Sermons

Summary: The marriage dedicated to Jesus Christ enjoys God’s faithfulness and compassions. God’s truths revealed in the Word of God will always remain unchanged.

The perfect Biblical presentation of this is found in Exodus 26:6,

“You shall make fifty clasp of gold, and join the curtains to one another with the clasps so that the tabernacle will be a unit.” (Exodus 26:6) Several translations say, “couple the curtains one to the other with clasps, so that the tabernacle may be a single whole one [unit].” (English Standard Version; King James)

Moses used the same Hebrew word for one (eḥāḏ) for the building of the tabernacle and for the bringing into the complex unity of man and woman for marriage. “This unity is diversity brought into harmony.” (Marriage, From Surviving to Thriving, Swindoll)

I especially appreciate an illustration from the book “Love Is A Choice.” What Moses was writing “is the picture that is seen in a figure-skating couple gliding across the ice. The man and woman intertwine their arms and legs, spinning and twirling in perfect synchronized movements with music playing. Their movements are individual, different, yet carefully executed so that you see them as one working unit. Then suddenly they part ways and move in opposite directions, spin in perfect unison, they come together again, creating a beautiful picture of two people living as “one-flesh.” (Marriage, From Surviving to Thriving, Swindoll)

The Christian marriage surrendered to the Lordship of Christ as head of the relationship has individual movements which are different, yet present to an on looking world a picture of unity, a couple working in harmony for the glory of God who created the marriage covenant.

Transitional Sentence: A marriage unified in Christ enjoys true Biblical intimacy. Moses wrote, “…The man and his wife were both naked, and they felt no shame.” (Genesis 2:25)

A Biblical marriage destroys thoughts of self-consciousness, they defeat shame, there is no fear of ridicule, no hang-ups, they can choose to avoid embarrassments and with Christ leading the marriage they miss the emotional hurts from abuse or poor choices.

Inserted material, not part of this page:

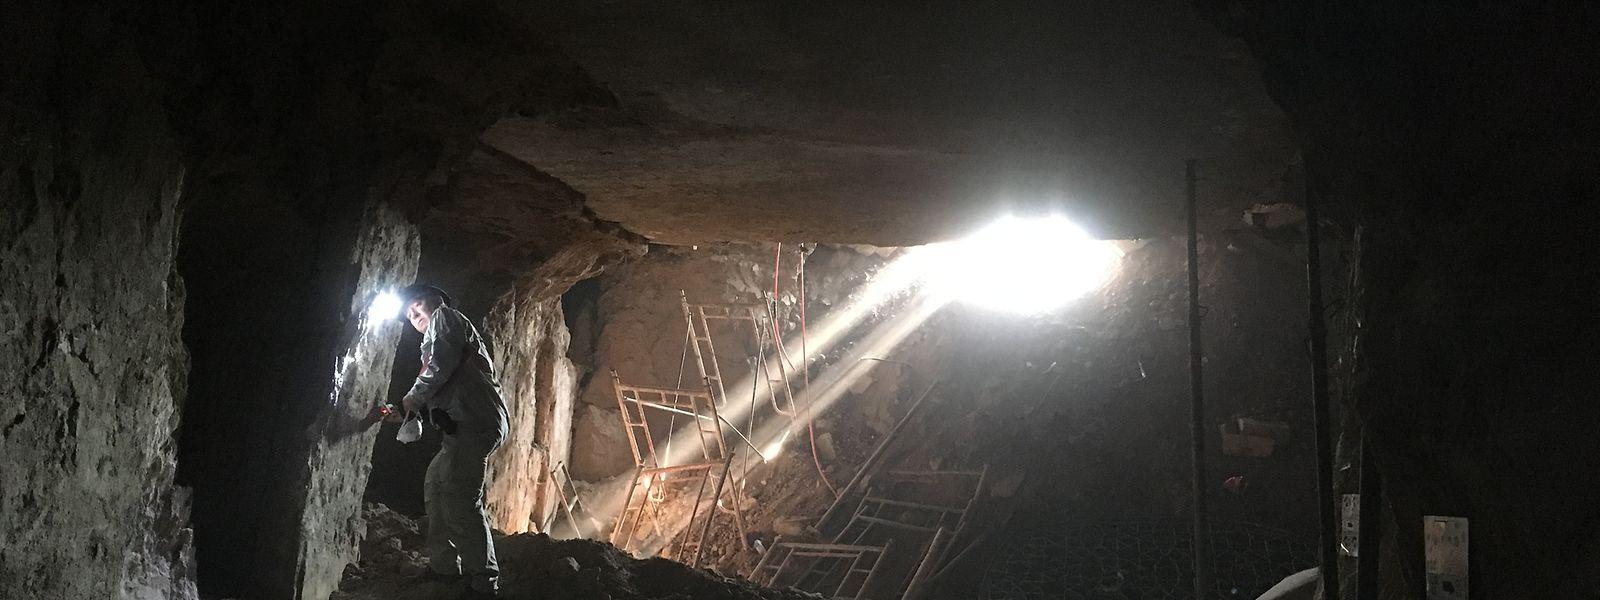 Die Arbeit des digitalen Archäologen Juan Aguilar findet derweil meist unter Tage im Tunnelnetzwerk, das die IS-Kämpfer gruben, statt.

Biblical intimacy avoids the world’s view which is sex driven to being victorious living through shared discussion, shared silence, shared history, yes, shared trials and heartaches, as well as shared joys.

The marriage couple who builds on the essentials in this message has a husband who knows his “responsibility is to love his Lord so deeply and accept his [God given call] so completely that he gives himself to his wife without conditions. A marriage surrendered to the Lordship of Christ has a wife who knows her “responsibility to respect her husband so much that she gives herself to her husband without hesitations [every part of her life].” (Marriage, From Surviving to Thriving, Swindoll)

God’s call for marriage is intimacy not familiarity. Gordon Lester wrote, “Familiarity and intimacy are not the same. Each has a value in life, certainly in married life, but one is no substitute for the other. If one is confused for the other, we have the basis for major human and marital unrest. In marriage, familiarity is inescapable. It happens almost imperceptibly. Intimacy is usually hard to come by. It must be deliberately sought and opened up and responded to. Familiarity brings a degree of ease and comfort. Intimacy excitingly searches for deep understanding and personal appreciation.”